Connect to Azure Cosmos DB for MongoDB vCore from Azure Databricks

2025-06-12

This article explains how to connect Azure Cosmos DB MongoDB vCore from Azure Databricks. It walks through basic Data Manipulation Language(DML) operations like Read, Filter, SQLs, Aggregation Pipelines and Write Tables using python code.

Prerequisites

Provision an Azure Cosmos DB for MongoDB vCore cluster.
Provision your choice of Spark environment Azure Databricks.

Configure dependencies for connectivity

The following are the dependencies required to connect to Azure Cosmos DB for MongoDB vCore from Azure Databricks:

Spark connector for MongoDB Spark connector is used to connect to Azure Cosmos DB for MongoDB vCore. Identify and use the version of the connector located in Maven central that is compatible with the Spark and Scala versions of your Spark environment. We recommend an environment that supports Spark 3.2.1 or higher, and the spark connector available at maven coordinates org.mongodb.spark:mongo-spark-connector_2.12:3.0.1.
Azure Cosmos DB for MongoDB connection strings: Your Azure Cosmos DB for MongoDB vCore connection string, user name, and passwords.

Provision an Azure Databricks workspace

You can follow instructions to provision an Azure Databricks workspace. You can use the default compute available or create a new compute resource to run your notebook. Be sure to select a Databricks runtime that supports at least Spark 3.0.

Add dependencies

Add the MongoDB Connector for Spark library to your compute to connect to both native MongoDB and Azure Cosmos DB for MongoDB endpoints. In your compute, select Libraries > Install New > Maven, and then add org.mongodb.spark:mongo-spark-connector_2.12:3.0.1 Maven coordinates.

Select Install, and then restart the compute when installation is complete.

Note

Make sure that you restart the Databricks compute after the MongoDB Connector for Spark library has been installed.

After that, you might create a Scala or Python notebook for migration.

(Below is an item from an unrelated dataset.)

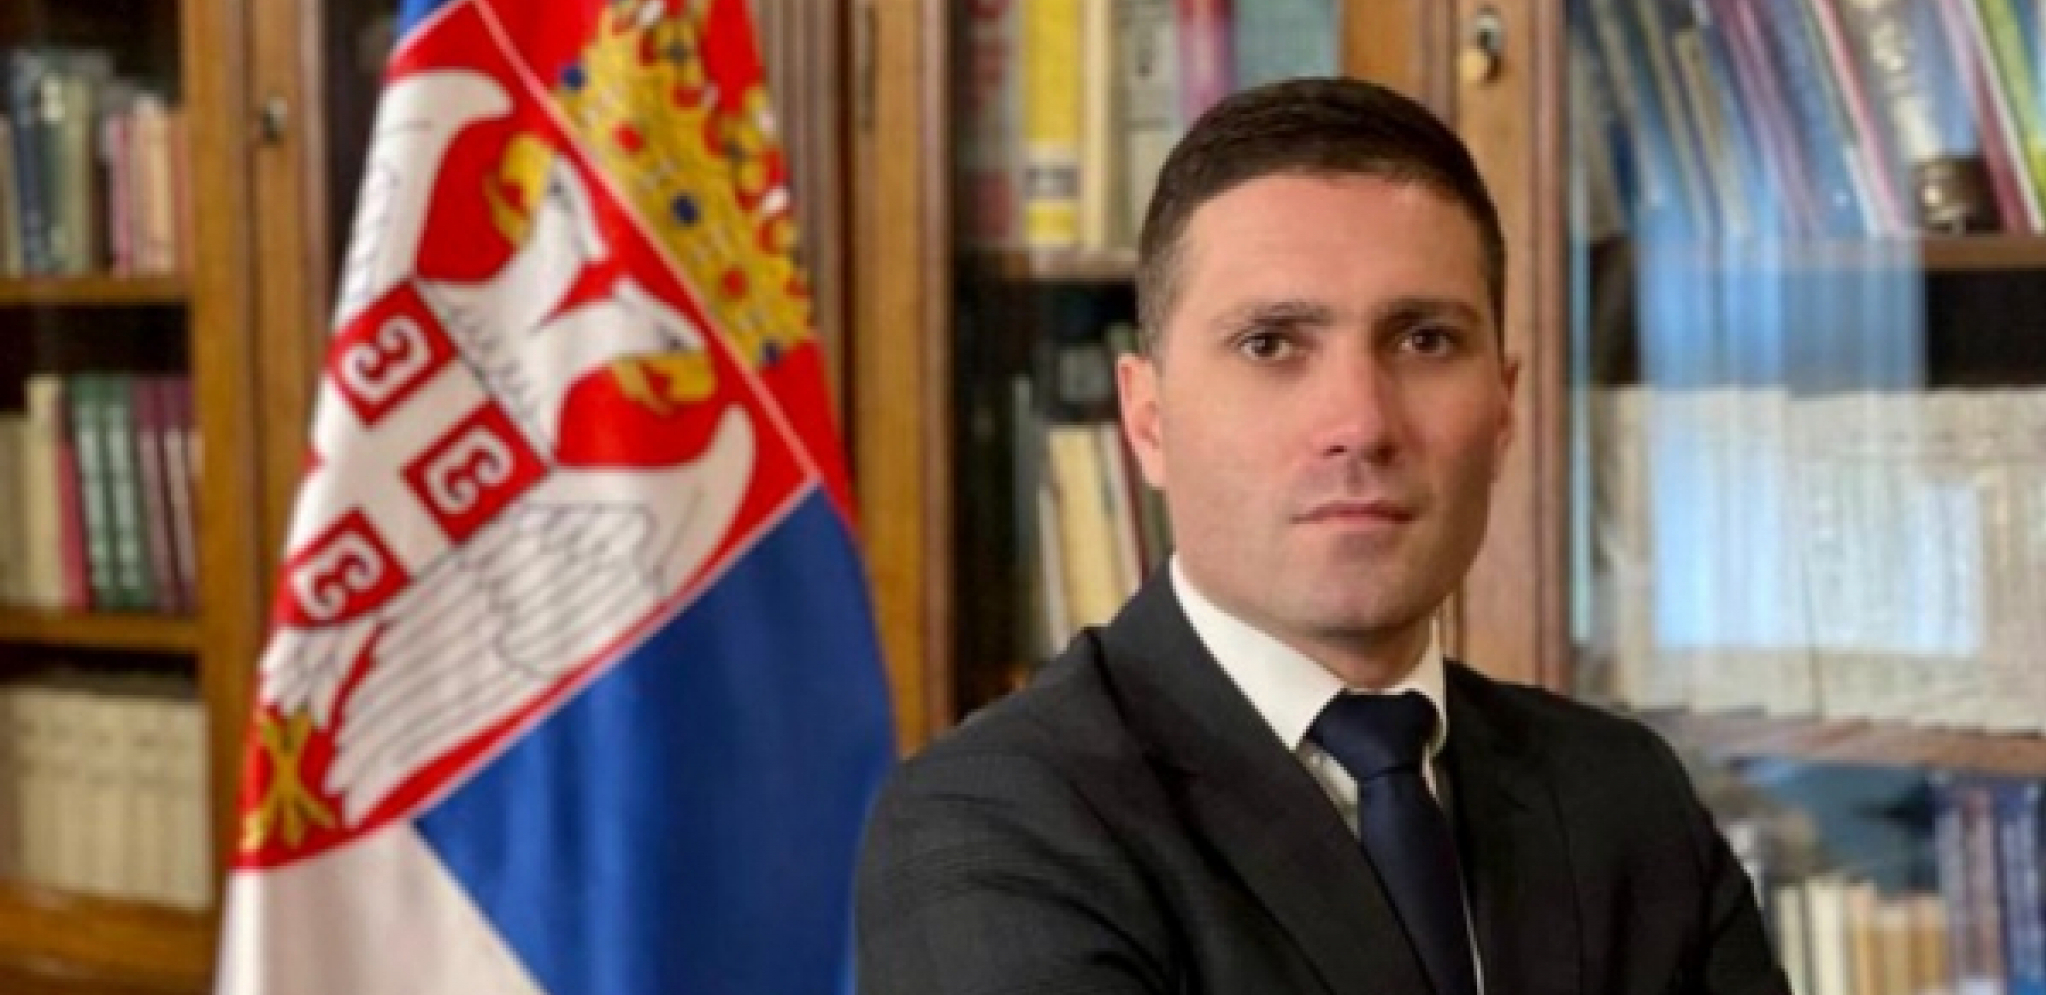 "Rada Trajković i danas stoji uz neprijatelje Srbije"

Create Python notebook to connect to Azure Cosmos DB for MongoDB vCore

Create a Python Notebook in Databricks. Make sure to enter the right values for the variables before running the following codes.

Update Spark configuration with the Azure Cosmos DB for MongoDB connection string

Note the connect string under the Settings -> Connection strings in Azure Cosmos DB MongoDB vCore Resource in Azure portal. It has the form of "mongodb+srv://<user>:<password>@<database_name>.mongocluster.cosmos.azure.com"
Back in Databricks in your compute configuration, under Advanced Options (bottom of page), paste the connection string for both the spark.mongodb.output.uri and spark.mongodb.input.uri variables. Populate the username and password field appropriate. This way all the workbooks, which running on the compute uses this configuration.
Alternatively you can explicitly set the option when calling APIs like: spark.read.format("mongo").option("spark.mongodb.input.uri", connectionString).load(). If you configure the variables in the cluster, you don't have to set the option.

connectionString_vcore="mongodb+srv://<user>:<password>@<database_name>.mongocluster.cosmos.azure.com/?tls=true&authMechanism=SCRAM-SHA-256&retrywrites=false&maxIdleTimeMS=120000"
database="<database_name>"
collection="<collection_name>"

Data sample set

For the purpose with this lab, we're using the CSV 'Citibike2019' data set. You can import it: CitiBike Trip History 2019. We loaded it into a database called "CitiBikeDB" and the collection "CitiBike2019". We're setting the variables database and collection to point to the data loaded and we're using variables in the examples.

database="CitiBikeDB"
collection="CitiBike2019"

Read data from Azure Cosmos DB for MongoDB vCore

The general syntax looks like this:

df_vcore = spark.read.format("mongo").option("database", database).option("spark.mongodb.input.uri", connectionString_vcore).option("collection",collection).load()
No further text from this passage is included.